The output order can vary when you run the program. If you need a predictable display order for learning or testing, collect the result and sort it before printing. Do not use collect() on very large RDDs because it brings all data to the driver.

Spark RDD distinct() Scala example

In the following example, we will find the distinct elements in an RDD using RDD.distinct() with Scala programming language.

RDDdistinct.scala

</>
Copy
import org.apache.spark.SparkContext
import org.apache.spark.SparkConf

object RDDdistinct {
	def main(args: Array[String]) {

		/* configure spark application */
		val conf = new SparkConf().setAppName("Spark RDD Distinct Example").setMaster("local[1]")

				/* spark context*/
				val sc = new SparkContext(conf)

				/* map */
				var rdd = sc.parallelize(Seq("Learn", "Apache", "Spark", "Learn", "Spark", "RDD", "Functions"));

				/* reduce */
				var rddDist = rdd.distinct()

				/* print */
				rddDist.collect().foreach(println)

				/* or save the output to file */
				rddDist.saveAsTextFile("out.txt")

				sc.stop()
	}
}

In the Scala example, rdd.distinct() creates a new RDD. The original rdd is not modified because Spark RDDs are immutable.

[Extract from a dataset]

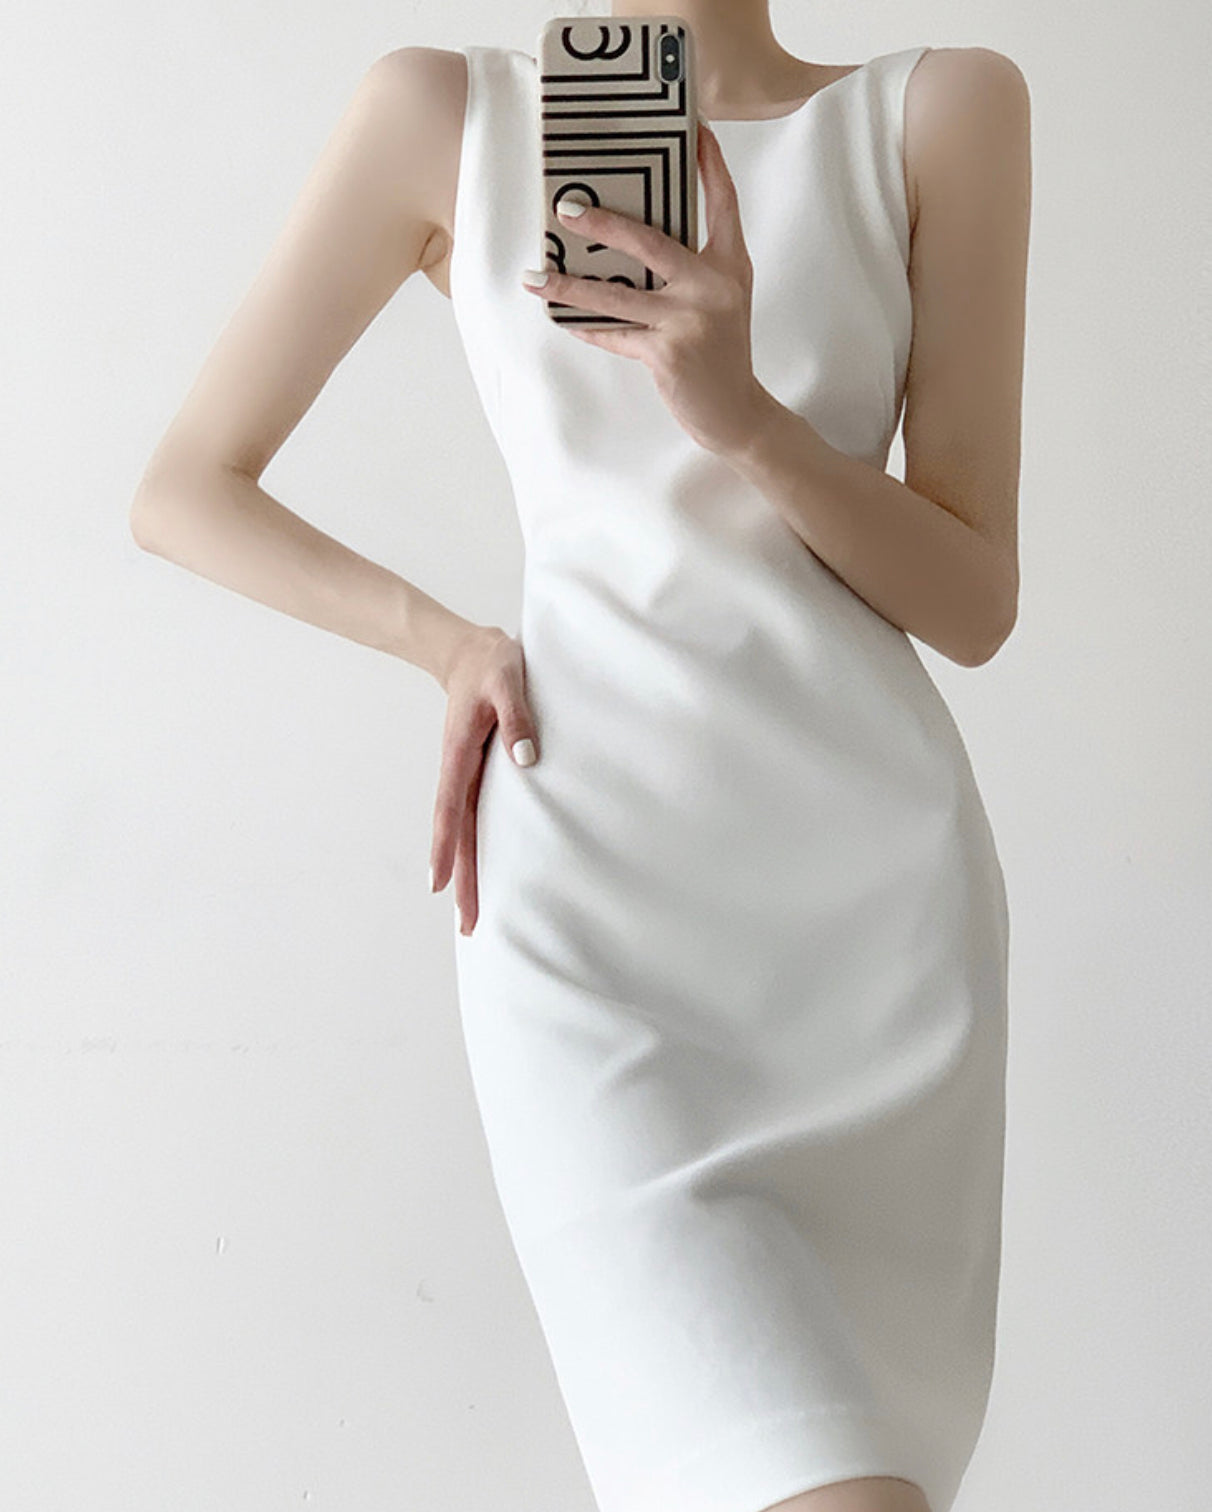 Airey Gathered Tank Dress in White

PySpark RDD distinct() example for unique values

The following PySpark example creates an RDD from a Python list and uses distinct() to remove repeated values.

</>
Copy
from pyspark import SparkConf, SparkContext

conf = SparkConf().setAppName("PySpark RDD Distinct Example").setMaster("local[2]")
sc = SparkContext(conf=conf)

data = ["Learn", "Apache", "Spark", "Learn", "Spark", "RDD", "Functions"]
words = sc.parallelize(data)

unique_words = words.distinct()

for word in unique_words.collect():
    print(word)

sc.stop()

A possible output is shown below. The order may be different on your system.

Apache
Functions
Learn
RDD
Spark

Get unique values from a PySpark RDD as a list

To get unique values as a Python list, call collect() after distinct(). This is suitable only when the distinct result is small enough to fit in driver memory.

</>
Copy
unique_words_list = words.distinct().collect()
print(unique_words_list)
['Apache', 'Functions', 'Learn', 'RDD', 'Spark']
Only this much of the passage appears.